Evolutionary and phylogenetic insights from a nuclear genome sequence of the extinct, giant ‘subfossil’ koala lemur Megaladapis edwardsi

No endemic Madagascar animal with body mass >10 kg survived a relatively recent wave of extinction on the island. From morphological and isotopic analyses of skeletal ‘subfossil’ remains we can reconstruct some of the biology and behavioral ecology of giant lemurs (primates; up to ~160 kg), elephant birds (up to ~860 kg), and other extraordinary Malagasy megafauna that survived well into the past millennium. Yet much about the evolutionary biology of these now extinct species remains unknown, along with persistent phylogenetic uncertainty in some cases. Thankfully, despite the challenges of DNA preservation in tropical and sub-tropical environments, technical advances have enabled the recovery of ancient DNA from some Malagasy subfossil specimens. Here we present a nuclear genome sequence (~2X coverage) for one of the largest extinct lemurs, the koala lemur Megaladapis edwardsi (~85kg). To support the testing of key phylogenetic and evolutionary hypotheses we also generated new high-coverage complete nuclear genomes for two extant lemur species, Eulemur rufifrons and Lepilemur mustelinus, and we aligned these sequences with previously published genomes for three other extant lemur species and 47 non-lemur vertebrates. Our phylogenetic results confirm that Megaladapis is most closely related to the extant Lemuridae (typified in our analysis by E. rufifrons) to the exclusion of L. mustelinus, which contradicts morphology-based phylogenies. Our evolutionary analyses identified significant convergent evolution between M. edwardsi and extant folivorous primates (colobine monkeys) and ungulate herbivores (horses) in genes encoding protein products that function in the biodegradation of plant toxins and nutrient absorption. These results suggest that koala lemurs were highly adapted to a leaf-based diet, which may also explain their convergent craniodental morphology with the small-bodied folivore Lepilemur.

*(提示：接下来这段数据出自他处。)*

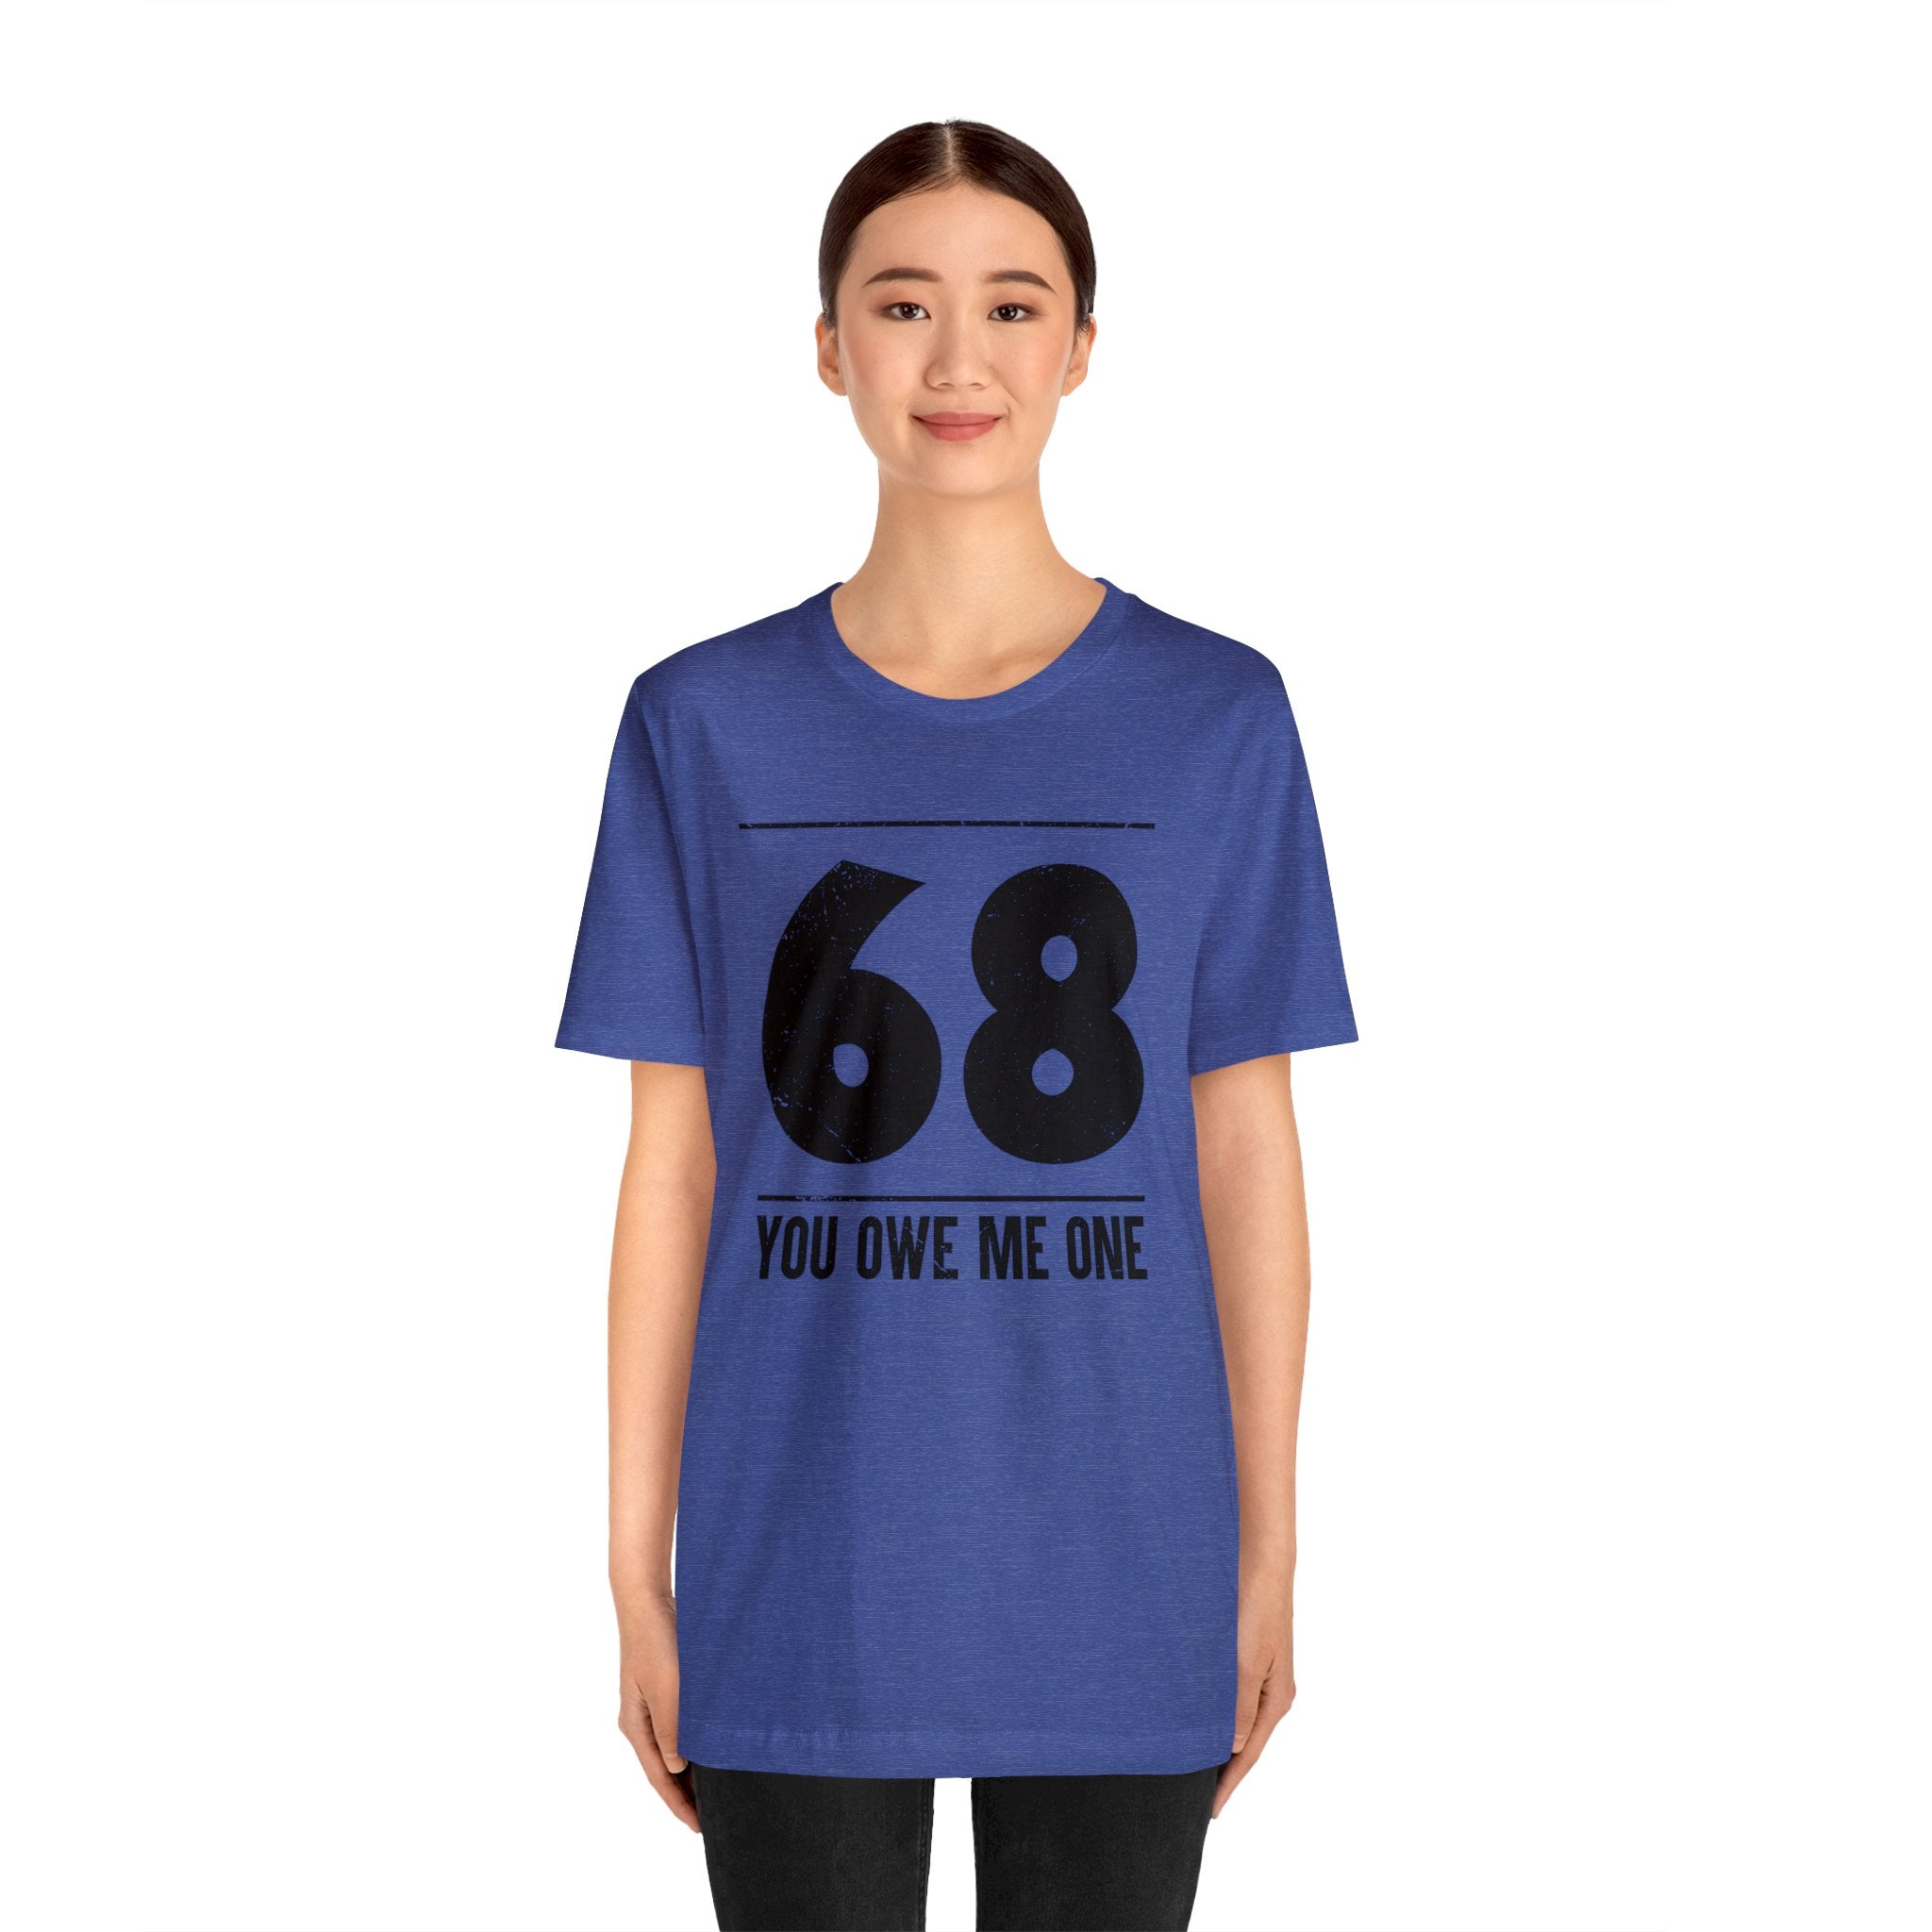 A woman wearing a geeky t-shirt that says "68 You Owe Me One" - an awesome deal.

3.【评分】一款评估科学软件质量的软件SoftWipe

SoftWipe – a tool and benchmark to assess scientific software quality

Scientific software from all areas of scientific research is pivotal to obtaining novel insights. Yet the quality of scientific software is rarely assessed, even though it might lead to incorrect scientific results in the worst case. Therefore, we have developed an open source tool and benchmark called SoftWipe, that provides a relative software quality ranking of 51 computational tools from diverse research areas. SoftWipe can be used in the review process of software papers and to inform the scientific software selection process.

4.【墨尔本x1】墨尔本大学（The University of Melbourne）学者：微生物组学数据批次效应矫正的多变量方法

A multivariate method to correct for batch effects in microbiome data

Microbial communities are highly dynamic and sensitive to changes in the environment. Thus, microbiome data are highly susceptible to batch effects, defined as sources of unwanted variation that are not related to, and obscure any factors of interest. Existing batch correction methods have been primarily developed for gene expression data. As such, they do not consider the inherent characteristics of microbiome data, including zero inflation, overdispersion and correlation between variables. We introduce a new multivariate and non-parametric batch correction method based on Partial Least Squares Discriminant Analysis. PLSDA-batch first estimates treatment and batch variation with latent components to then subtract batch variation from the data. The resulting batch effect corrected data can then be input in any downstream statistical analysis. Two variants are also proposed to handle unbalanced batch x treatment designs and to include variable selection during component estimation. We compare our approaches with existing batch correction methods removeBatchEffect and ComBat on simulated and three case studies. We show that our three methods lead to competitive performance in removing batch variation while preserving treatment variation, and especially when batch effects have high variability. Reproducible code and vignettes are available on GitHub.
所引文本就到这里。